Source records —
====================
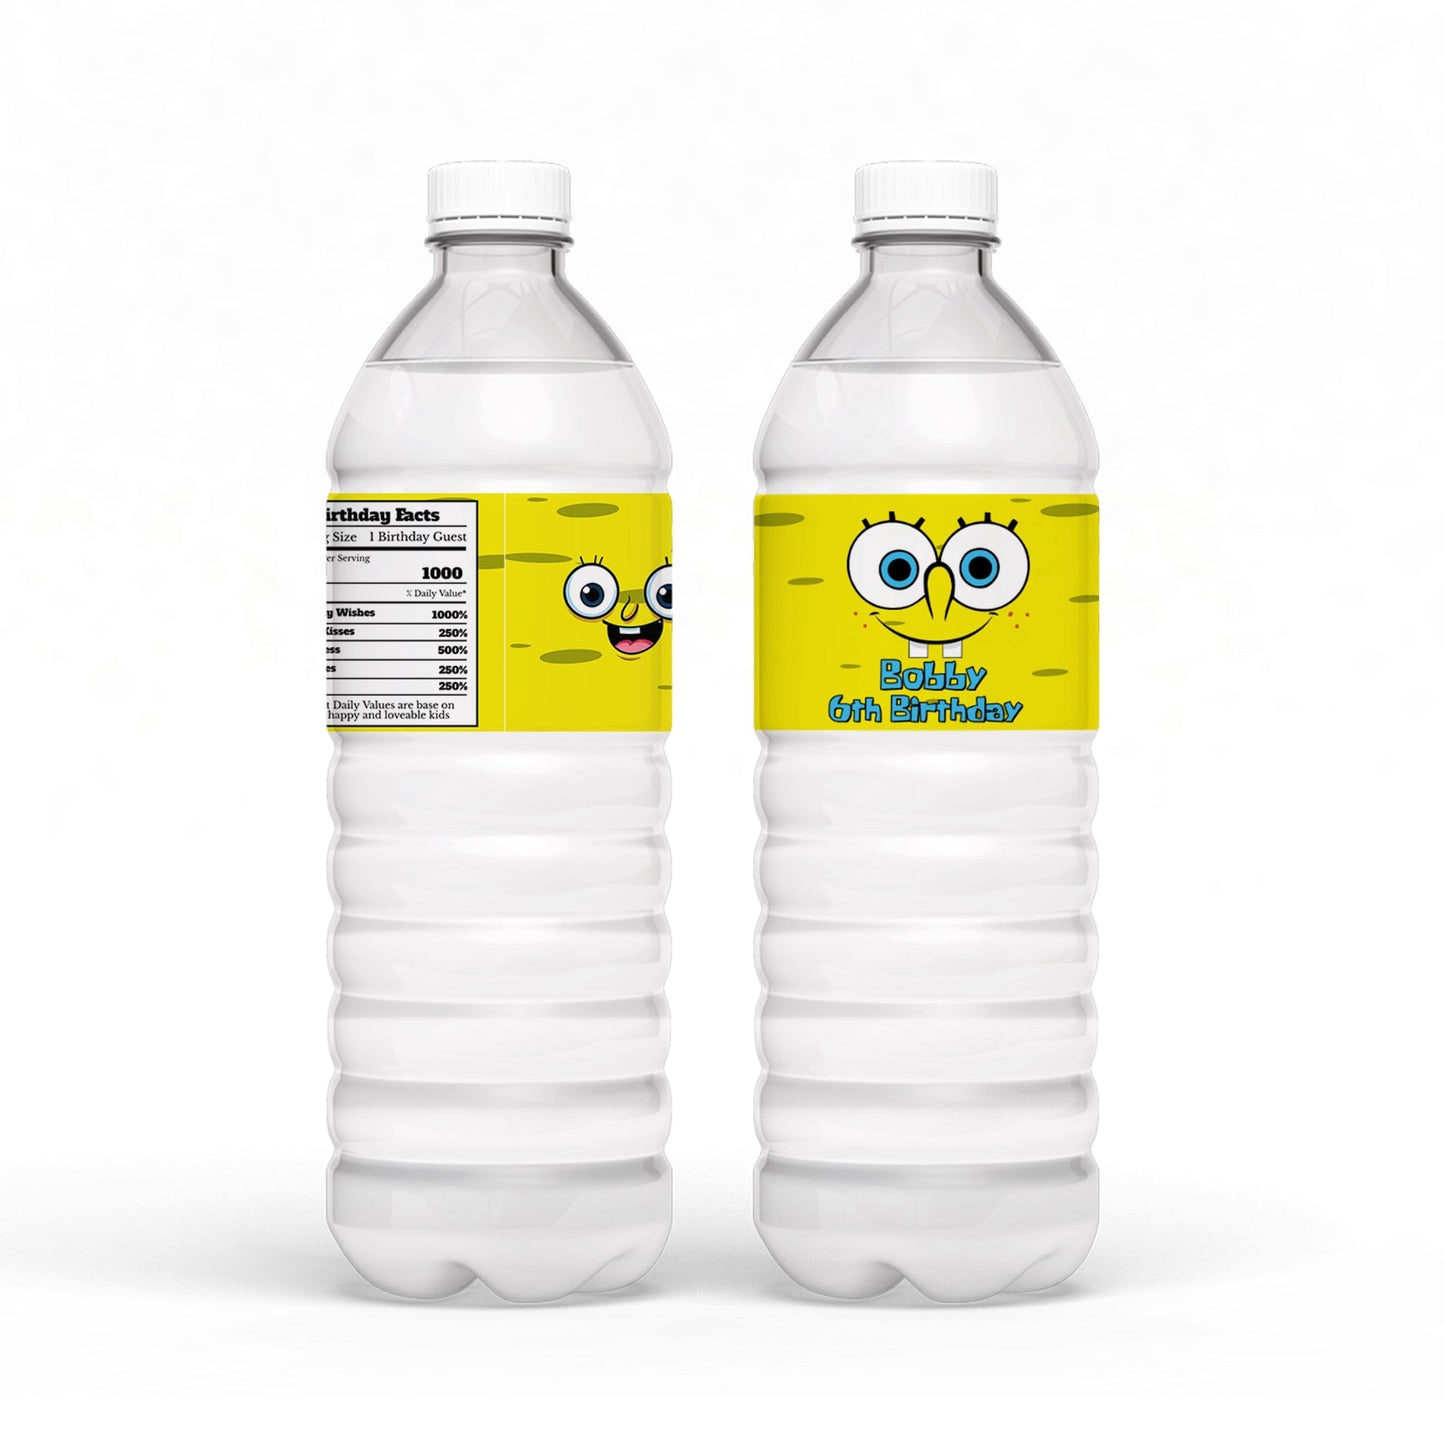 Spongebob themed water bottle labels
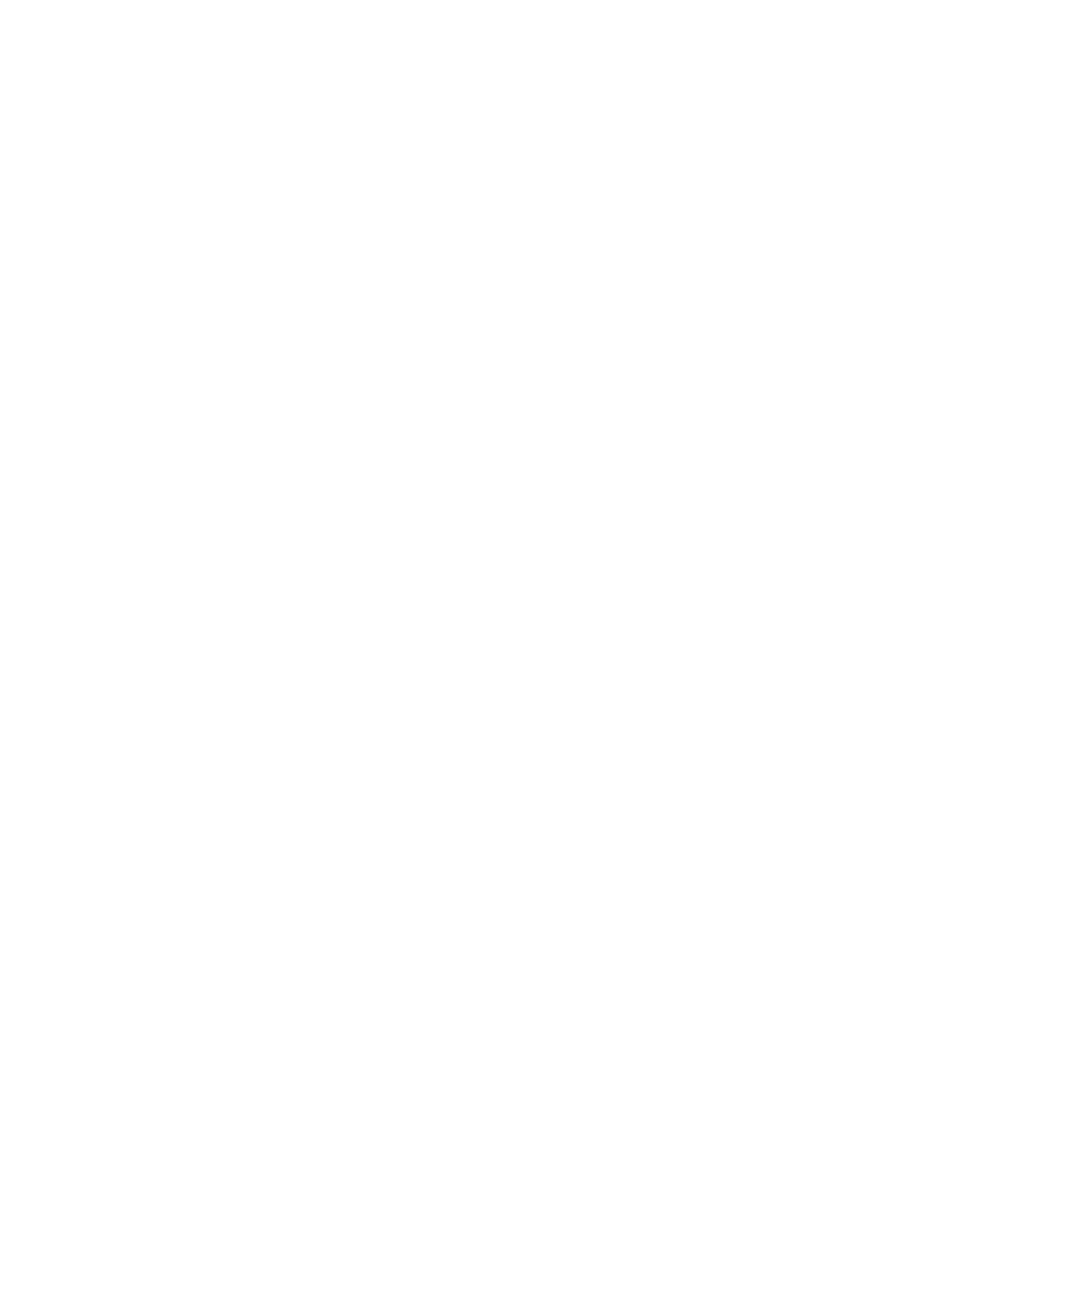 Quantum Leap Logo
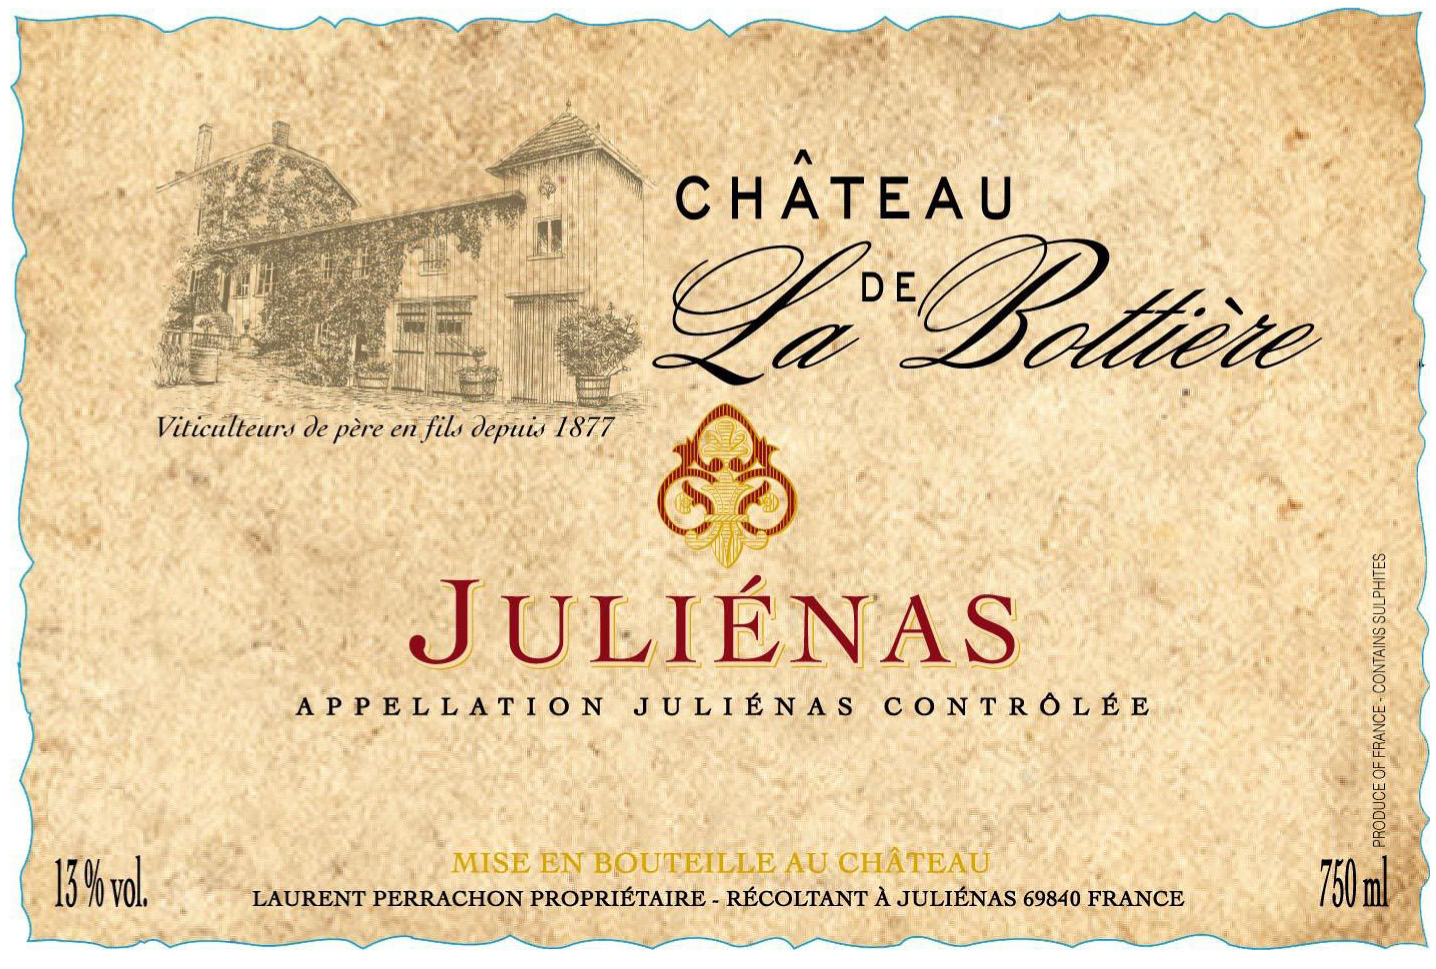 Chateau de la Bottiere - Julienas label
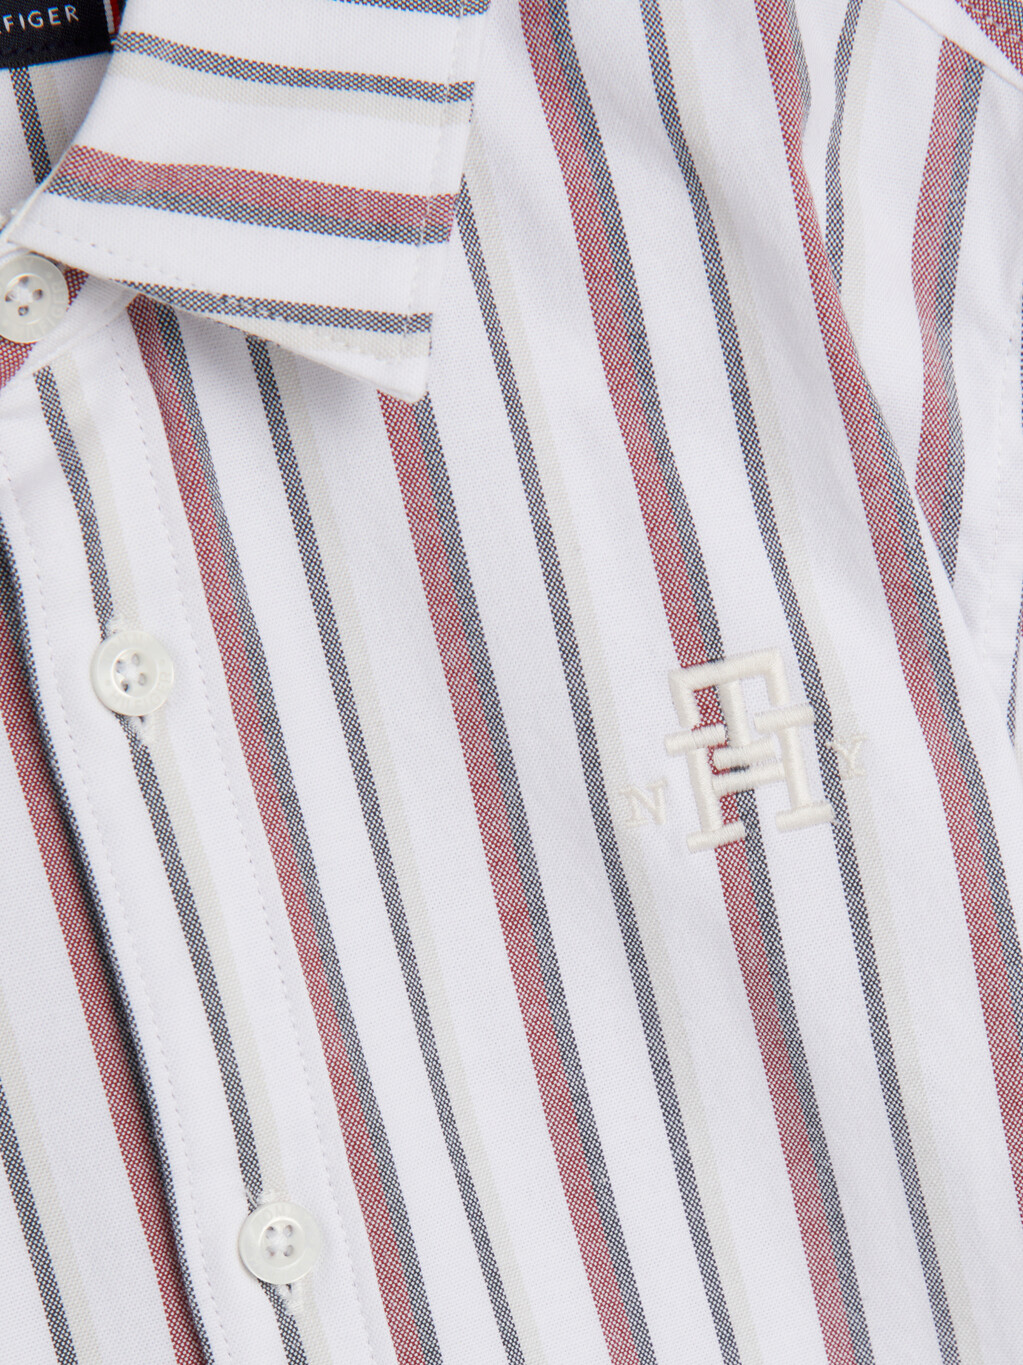 經典條紋 Monogram 刺繡恤衫, White Base / Global Stripes, hi-res
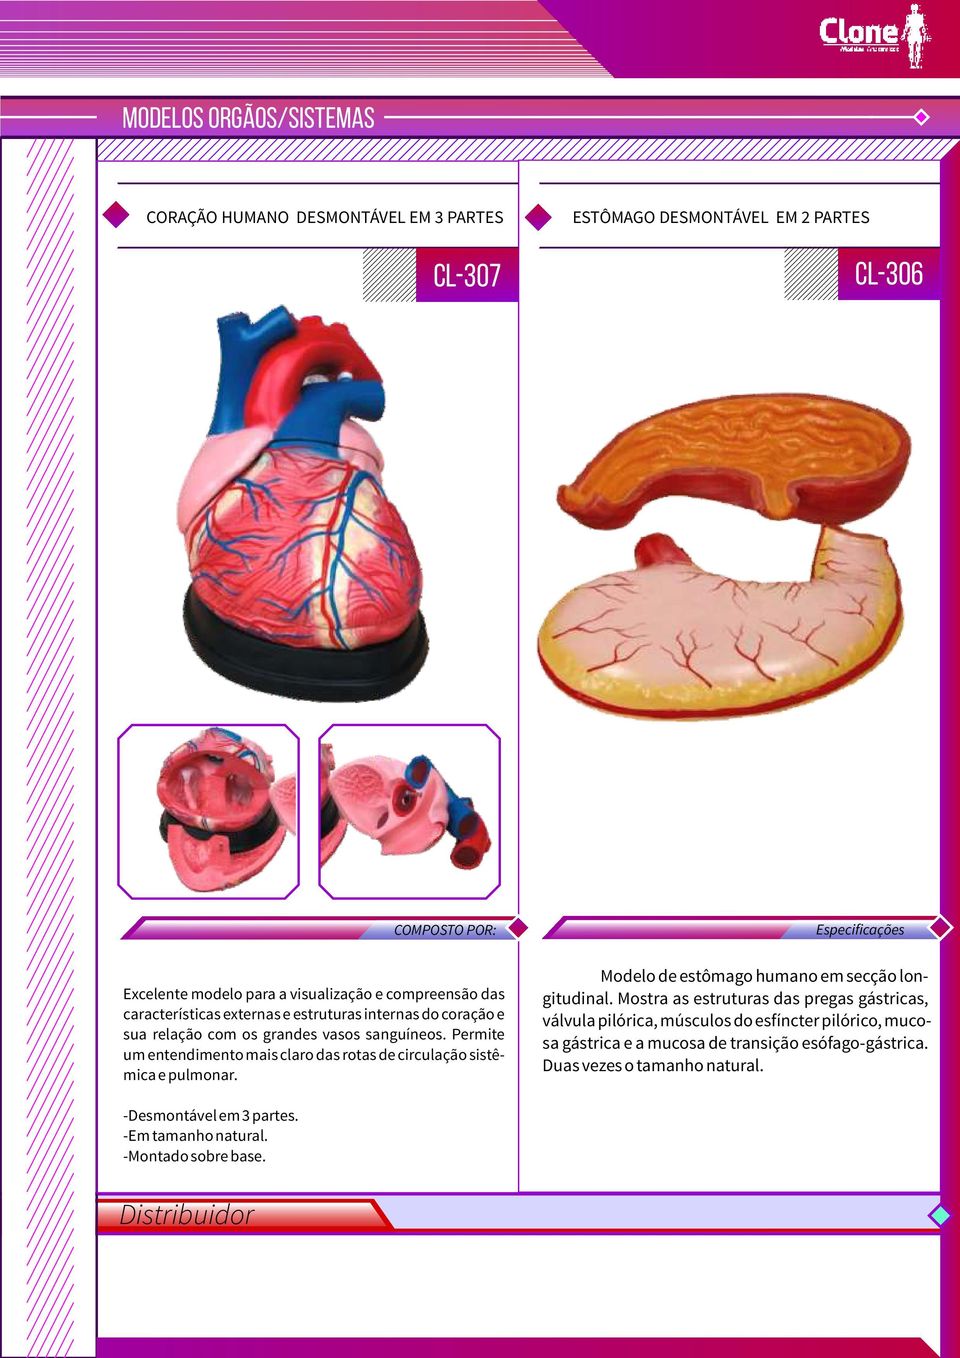 Permite um entendimento mais claro das rotas de circulação sistêmica e pulmonar. Modelo de estômago humano em secção longitudinal.
====================
Above are the records; return them exactly, minus the pictures.

 Spongebob themed water bottle labels
 Quantum Leap Logo
 Chateau de la Bottiere - Julienas label
 經典條紋 Monogram 刺繡恤衫, White Base / Global Stripes, hi-res
 Permite um entendimento mais claro das rotas de circulação sistêmica e pulmonar. Modelo de estômago humano em secção longitudinal.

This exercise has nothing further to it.